Received 15 October 2015; accepted 6 December 2015; published 9 December 2015

1. Introduction

Blueberries (Vaccinium spp.) are perennial shrubs belonging to the Ericaceae, which is a large and diverse family with a nearly cosmopolitan distribution [1] . Some species were introduced in South America in the 1980’s to be evaluated as fruit crops. While only a small area had been planted in Argentina by 1993 [2] , approximately 3100 hectares are dedicated to growing blueberries (V. corymbosum L.) at present. Total country production has increased steadily in recent years and it exceeds 16,500 ton nowadays. Half of Argentinean production is harvested in the province of Entre Ríos, mainly in the department of Concordia (37% of the cropping area); and 20% is harvested in the province of Buenos Aires [3] . Crop areas are characterized by either low chilling or no-chilling during winter, warm springs and hot summers.
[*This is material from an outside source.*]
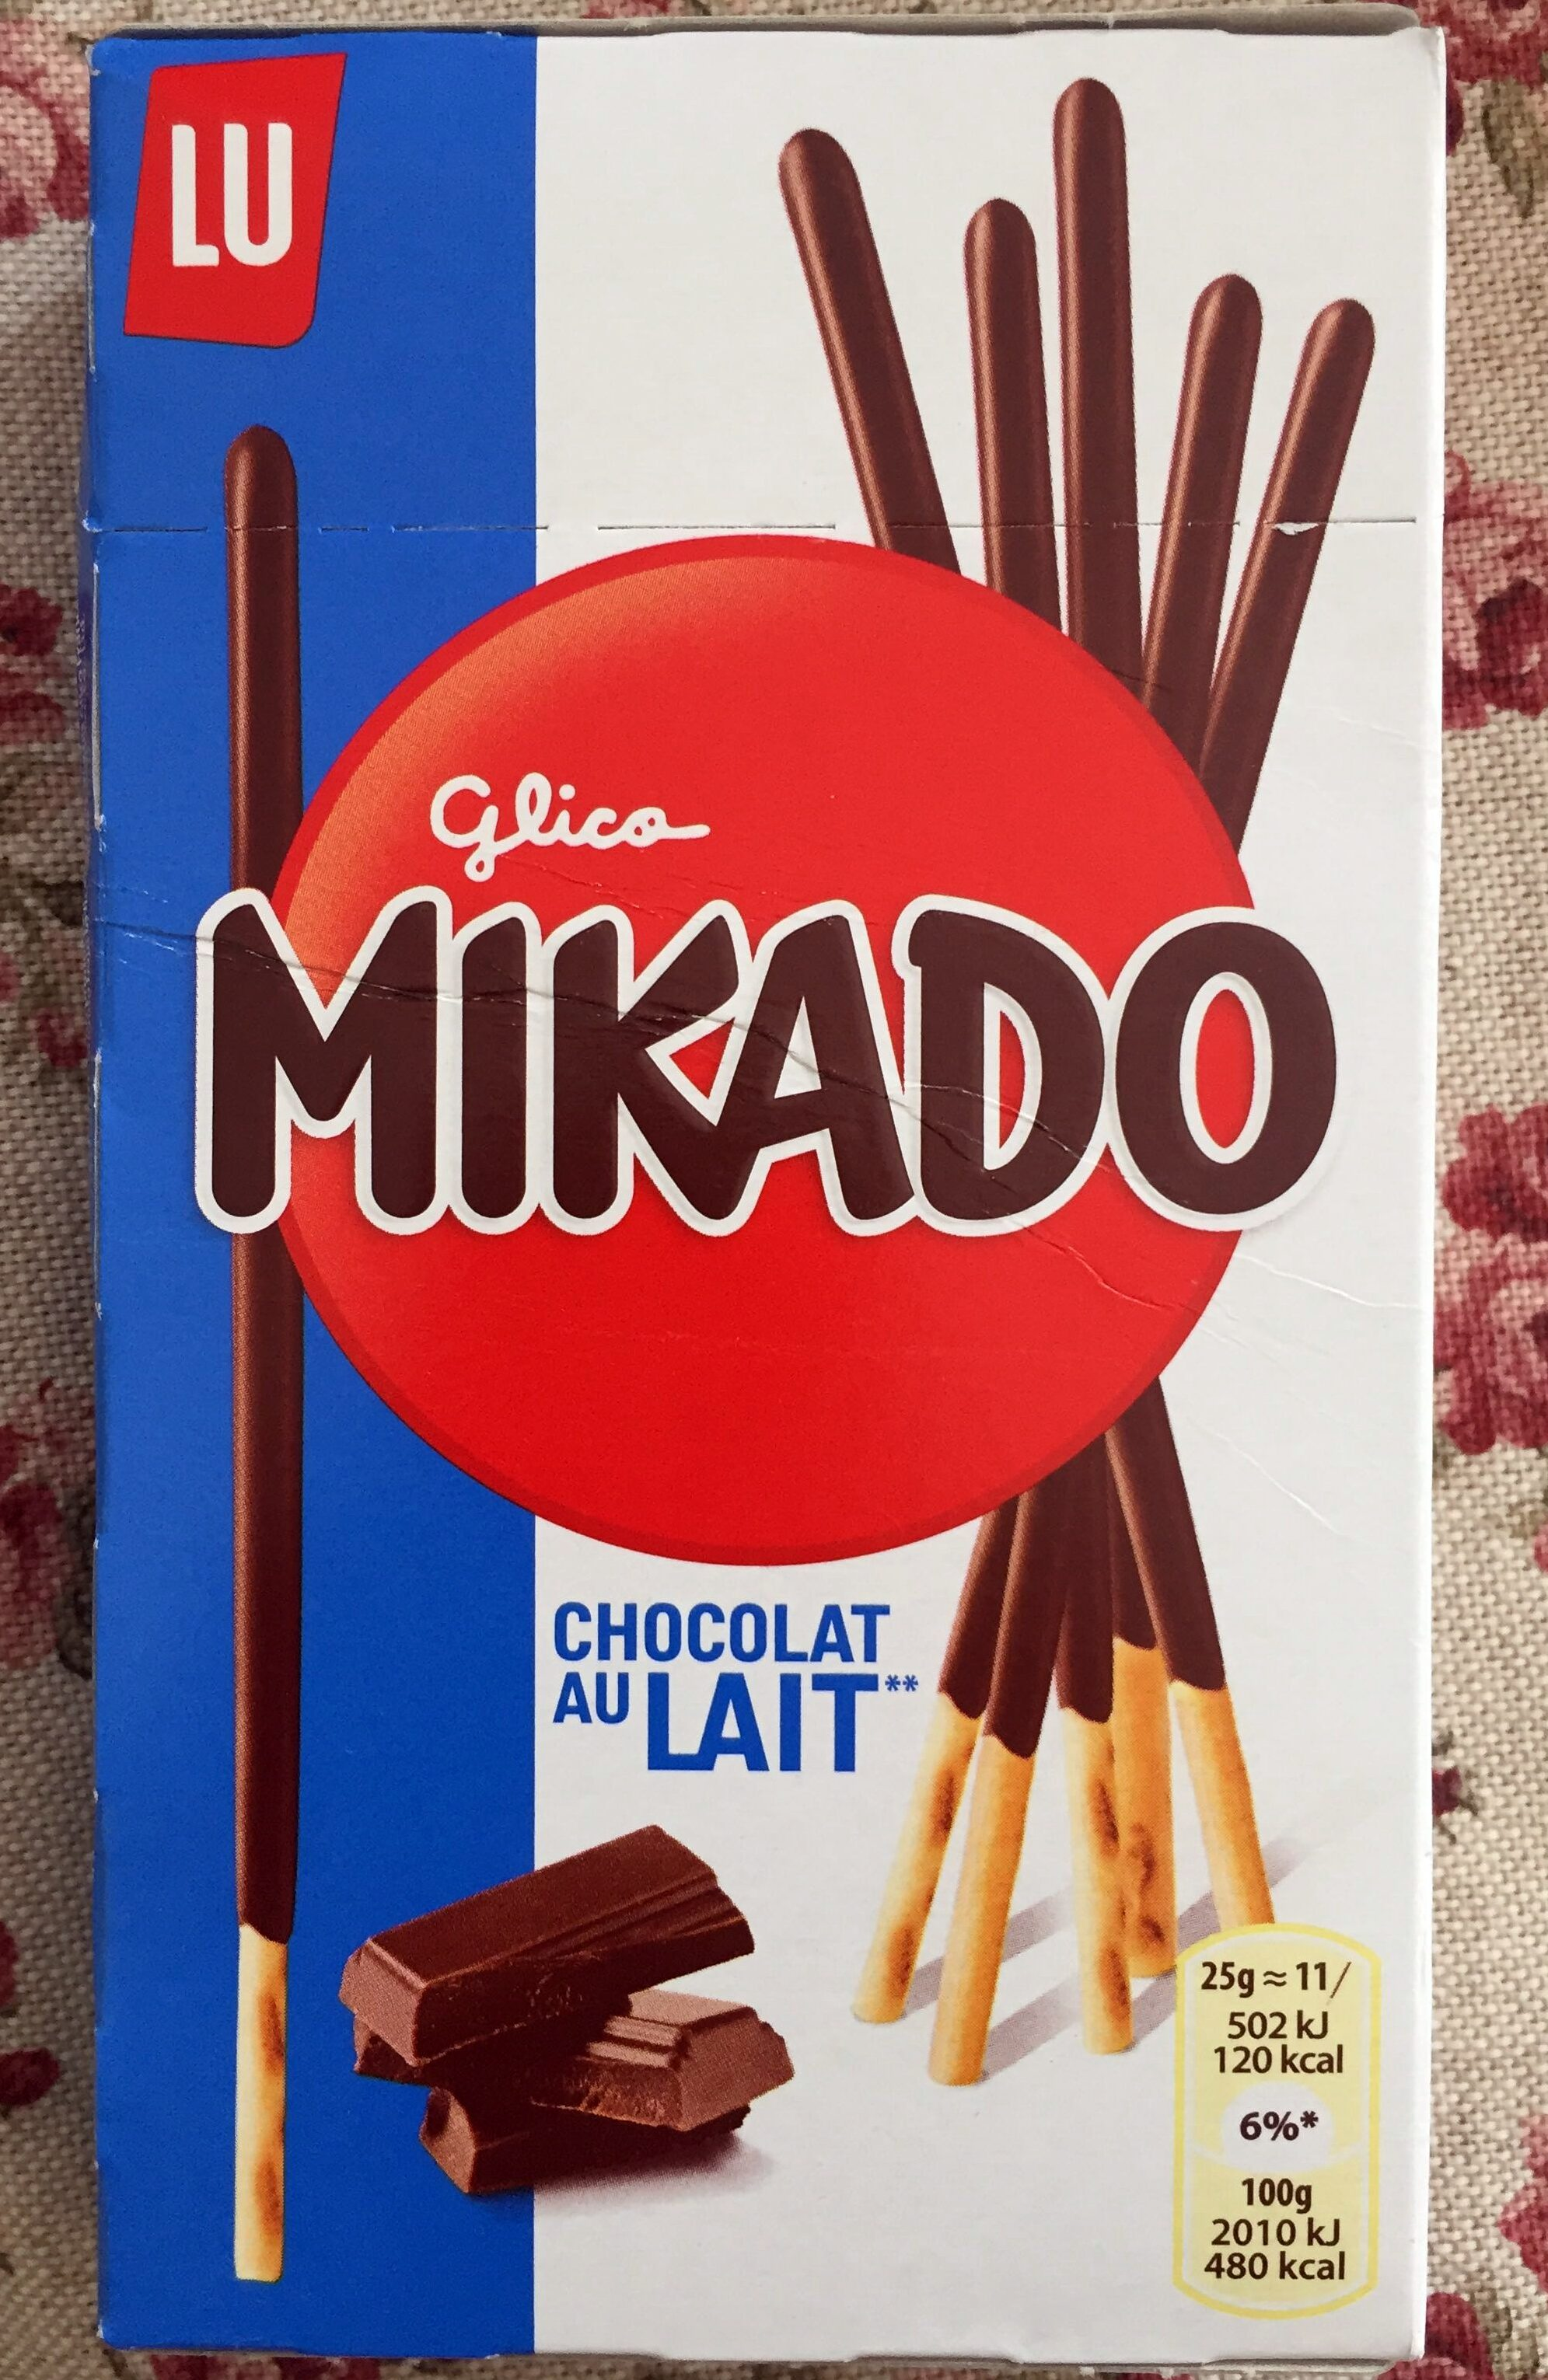 Mikado chocolat au lait - Producto - es

Fruits are harvested from September to April [4] . Blueberry industry has developed mainly due to good prices in the off-season fresh market in North America and Europe, and also to worldwide increasing demand for blueberries. Most of the production is exported as fresh fruits [2] ; 60% to The United States, 16% to Continental Europe and 16% to the United Kingdom [3] . Argentina ranks second as exporter in the Southern Hemisphere, and contributes with 2% of world production [5] . Highbush blueberry (V. corymbosum L.) is the most commonly planted type in Argentina [6] [7] . At the beginning of the century, the most frequent cultivars were O’Neal and Misty; while nowadays they are Abundance, Blue Crisp, Emerald, Jewel, Millennia, Misty, O’Neal, Primadonna, Snow Chaser, Spring High and Star [3] .

A good understanding of the physiological processes that regulate dormancy, flower bud induction and differentiation, as well as fruit development in blueberry plants is required for successful commercial production [4] . Additionally, there is a need of increasing knowledge of major diseases, in order to plan crop health management.

Alternaria Nees is a dictyosporic genus of the family Dematiaceae, order Hyphomycetes, Fungi Imperfecti, with a widespread distribution in Nature [8] . Many species are common saprophytes in soil, air and a variety of other habitats; some are ubiquitous agents of decay and plant pathogens [9] [10] . The genus Pestalotiopsis Steyaert belongs to the family Melanconiaceae (Coelomycetes) [11] . Its species have a worldwide distribution, particularly in tropical and temperate ecosystems [12] [13] . Most species are plant pathogens [14] and some are saprobes [15] or grow on decaying wild fruits [16] . Alternaria tenuissima (Kunze) Wiltshire and Pestalotiopsis guepinii (Desm.) Steyaert have been reported causing disease on 329 and 57 hosts, respectively [17] and both are important aerial pathogens of blueberry in Argentina. Injuries facilitate their penetration in plant tissues [18] - [20] . They are able to infect leaves, branches and fruits. Simultaneous isolation of the two species from symptomatic blueberry leaves is usual, but the existence of co-infection has not been demonstrated. The aim of this research was to estimate the relative importance of A. tenuissima and P. guepinii in crops located in Buenos Aires and Entre Ríos, as well as to differentiate their symptoms after target inoculations. To our knowledge, there are not previous studies on the subject.

2. Materials and Methods

2.1. Pathogens’ Isolation and Prevalence

O’Neal crops located in the provinces of Buenos Aires and Entre Ríos were surveyed to collect symptomatic samples during the growing seasons 2010-1011, 2011-2012 and 2012-2013. A hundred of spotted leaves were taken during November and a hundred of rotten fruits were taken during December. Table 1 summarizes sampling locations. Disease prevalence was estimated as percentage of samples with infection of each pathogen.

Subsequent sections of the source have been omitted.